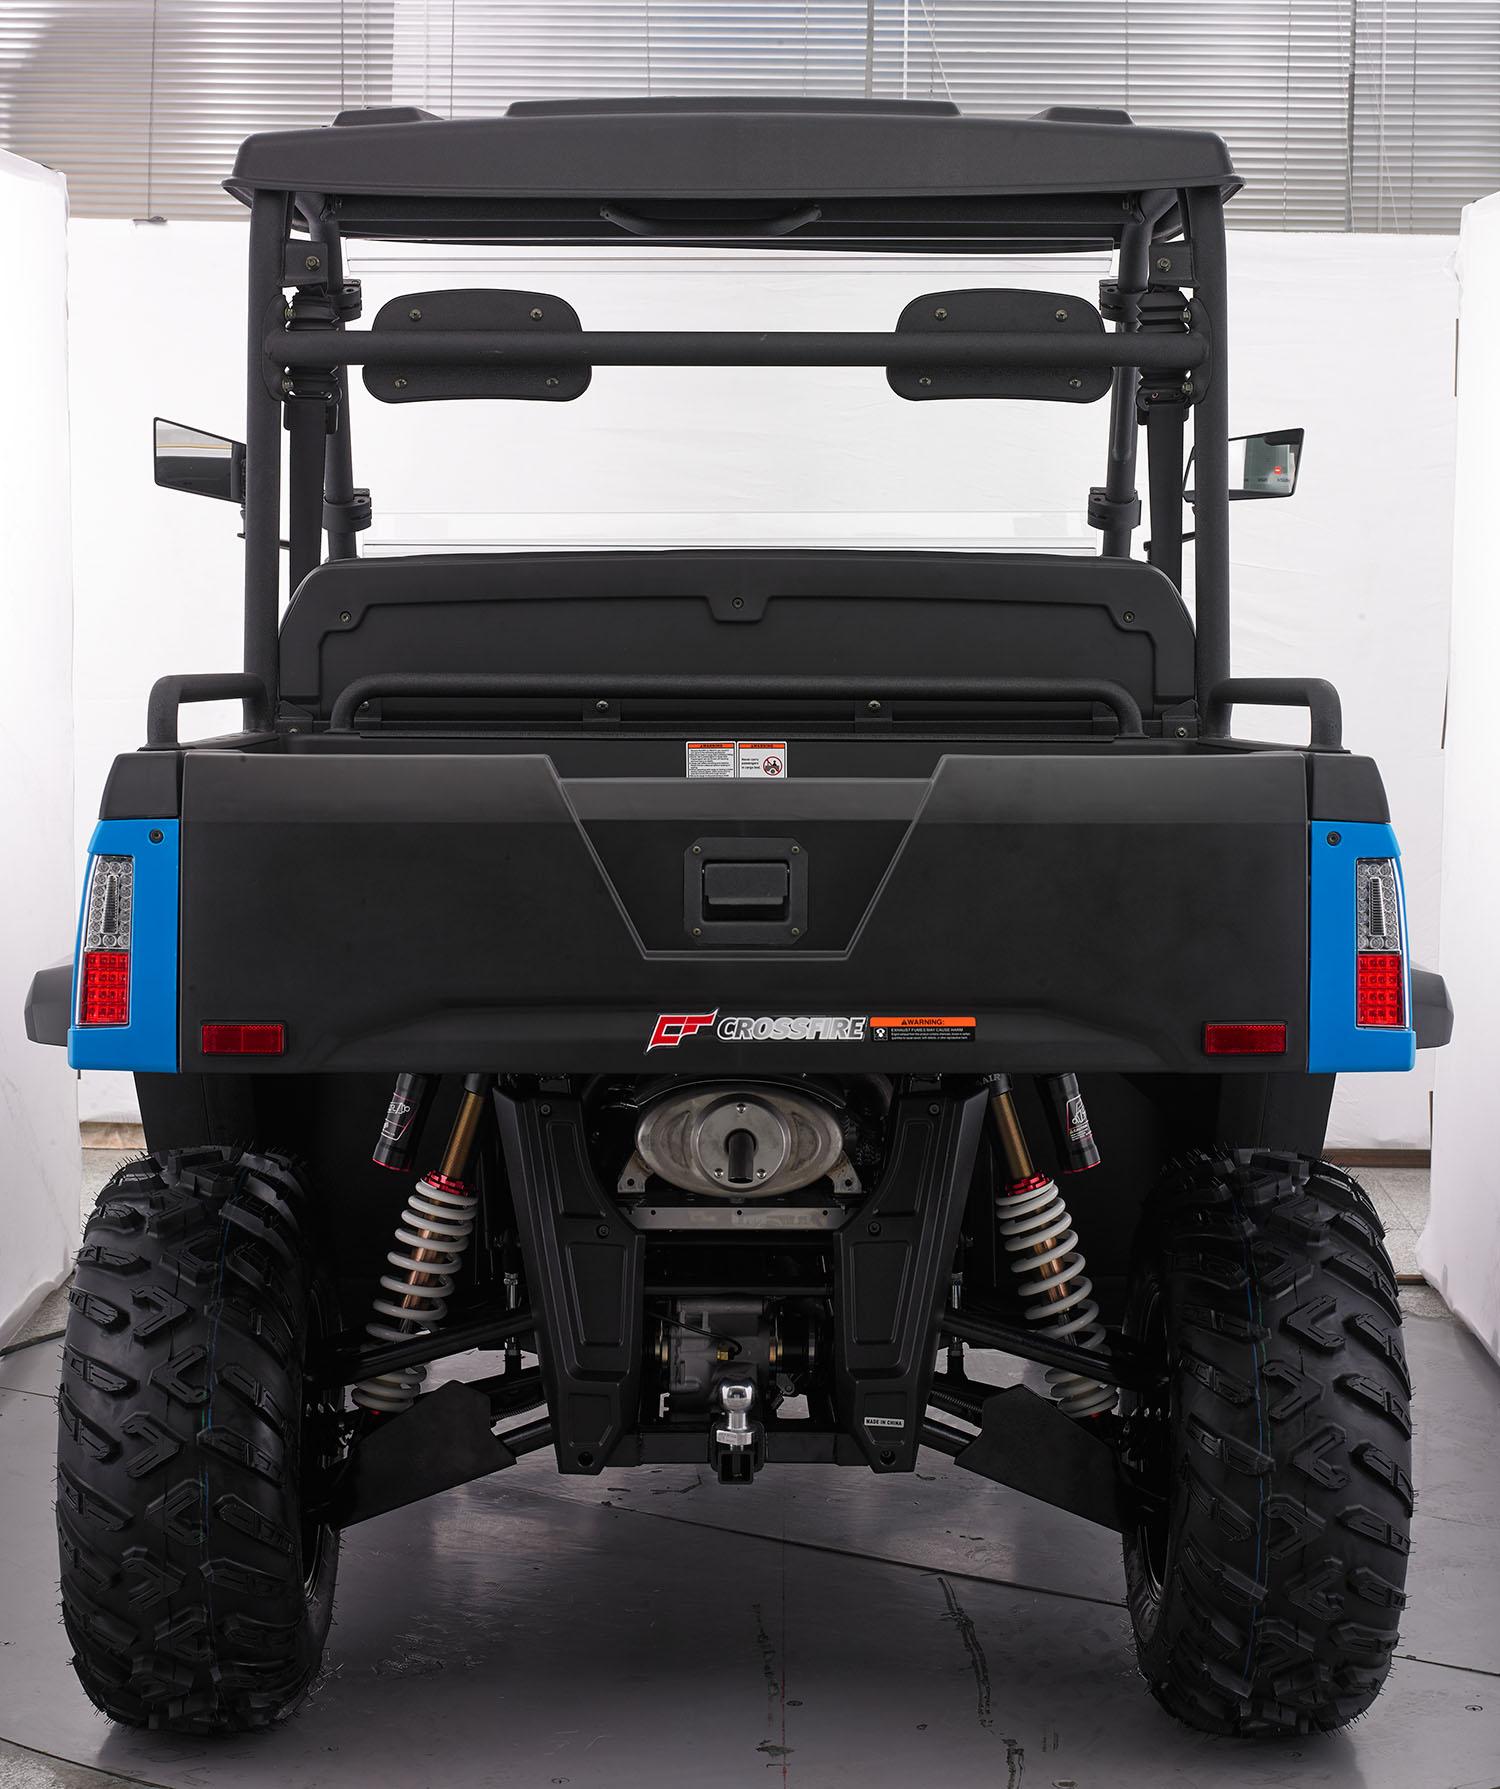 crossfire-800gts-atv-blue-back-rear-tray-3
...
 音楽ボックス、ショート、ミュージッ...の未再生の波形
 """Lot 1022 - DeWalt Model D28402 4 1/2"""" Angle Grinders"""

**WHAT YOU WILL DO:** Send back exactly the lines of the listing above starting at the one with "音楽ボックス、ショート、ミュージッ...の未再生の波形" and ending at the one with "1022 - DeWalt", inclusive, and no others.

**TASK RESULT:**
 音楽ボックス、ショート、ミュージッ...の未再生の波形
 """Lot 1022 - DeWalt Model D28402 4 1/2"""" Angle Grinders"""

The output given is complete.